Given material -
= Beginning of Section =
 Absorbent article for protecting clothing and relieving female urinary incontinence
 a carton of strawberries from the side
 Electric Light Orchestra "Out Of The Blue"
= End of Section =
Work instructions - Make an exact copy of the listing shown above.

Expected output -
 Absorbent article for protecting clothing and relieving female urinary incontinence
 a carton of strawberries from the side
 Electric Light Orchestra "Out Of The Blue"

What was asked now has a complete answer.